Услышав мой вопрос, молодой человек, которого все называли Поэтом, встал и сердито процедил сквозь зубы:
— Шутить о правительстве теперь преступление. Больше не до шуток.
— Ты серьезно? — спросил я.
— Они — серьезно, — сказал он.
У нас было ощущение, что мы стоим на ладони великана, который может сжать кулак и раздавить нас, когда захочет. Мы вдруг поняли, что любого из нас можно обвинить в том, что мы делали всегда и продолжаем делать, что нас могут забрать утром за шутку, за одно слово. Все были напуганы необъятностью возникшей угрозы. Мы молча разбрелись кто куда, я направился к парковке, где оставил машину.
Это происшествие разбередило мои тревоги. Эмоции, столь же сильные, сколь незнакомые, наслоились друг на друга и при малейшем толчке захлестывали меня, не вмещались во мне и пытались разорвать меня на части, как стая диких животных. Но больнее всего были вопросы о мадам Хаят.
Почему она прогнала меня? Что я сделал не так? Устала от меня? Встречается с кем-то еще?
Этот последний вопрос особенно меня напряг, никакие другие эмоции или мысли не могли перебить его болезненность. Я одержимо, до спазмов, до паралича хотел знать, где она, как будто если бы кто-то сказал мне: «Она сейчас там и там», это напряжение отступило бы, я бы смог разместить ее в своем воображаемом пространстве и расслабиться. Когда я не мог определить ее местоположение в пространстве, она ускользала, исчезала в таинственном облаке, время от времени появлялась оттуда обнаженной, смеялась, а затем снова сливалась с туманом. Эта неизвестность была воспаленным чревом безумного воображения, рождающим бесплодные сомнения.

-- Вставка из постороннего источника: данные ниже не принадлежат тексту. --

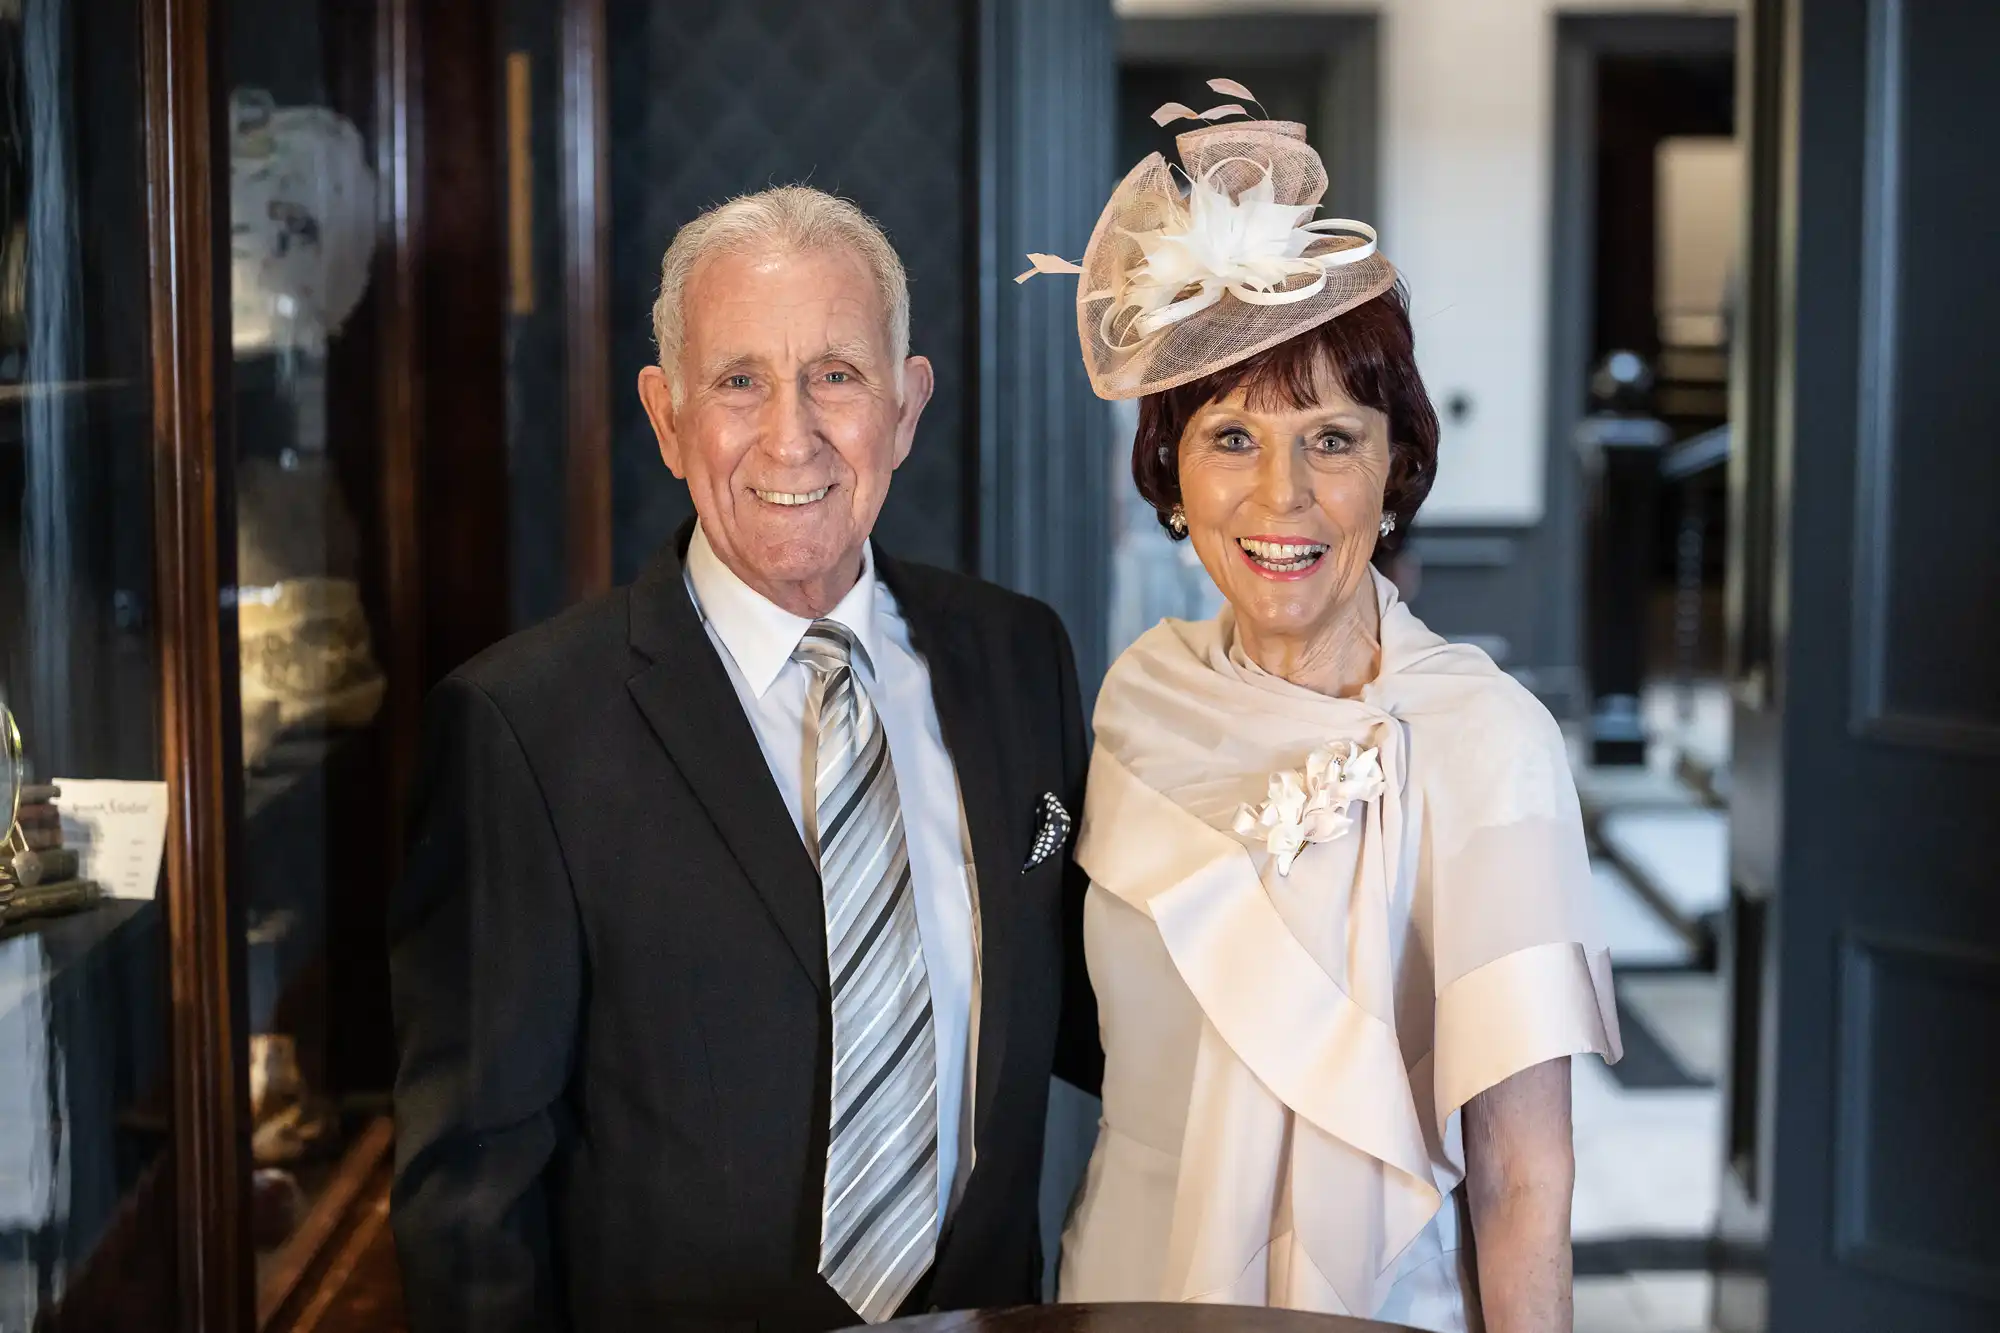 An elderly man in a suit with a striped tie and a smiling woman dressed in a light-colored formal outfit and hat standing indoors.

Не иметь возможности достучаться до нее по своему желанию означало испытывать безмерное отчаяние ревности, иногда прикрытое маской тревожной заботы: я боялся, что с ней что-нибудь случится, что она умрет, более того — что ее убьют в одном из ее дерзких загулов. Вскормленные неизвестностью, пропитанные мраком, изувеченные плоды моего воображения росли и душили меня. Бывали и такие моменты опустошенности и изнеможения, что пропадали все эмоции. В такие минуты я чувствовал безмятежную усталость. Я не знал, как со всем этим справляться. Меня никогда этому не учили. Со временем я привыкну к этим кризисам, как к хронической болезни: страдание никуда не денется, но я смогу отдалять приливы этой боли. До того последнего рокового момента я всегда мог найти ее после того, как терял, и этого хватало, чтобы успокоить мое смятение.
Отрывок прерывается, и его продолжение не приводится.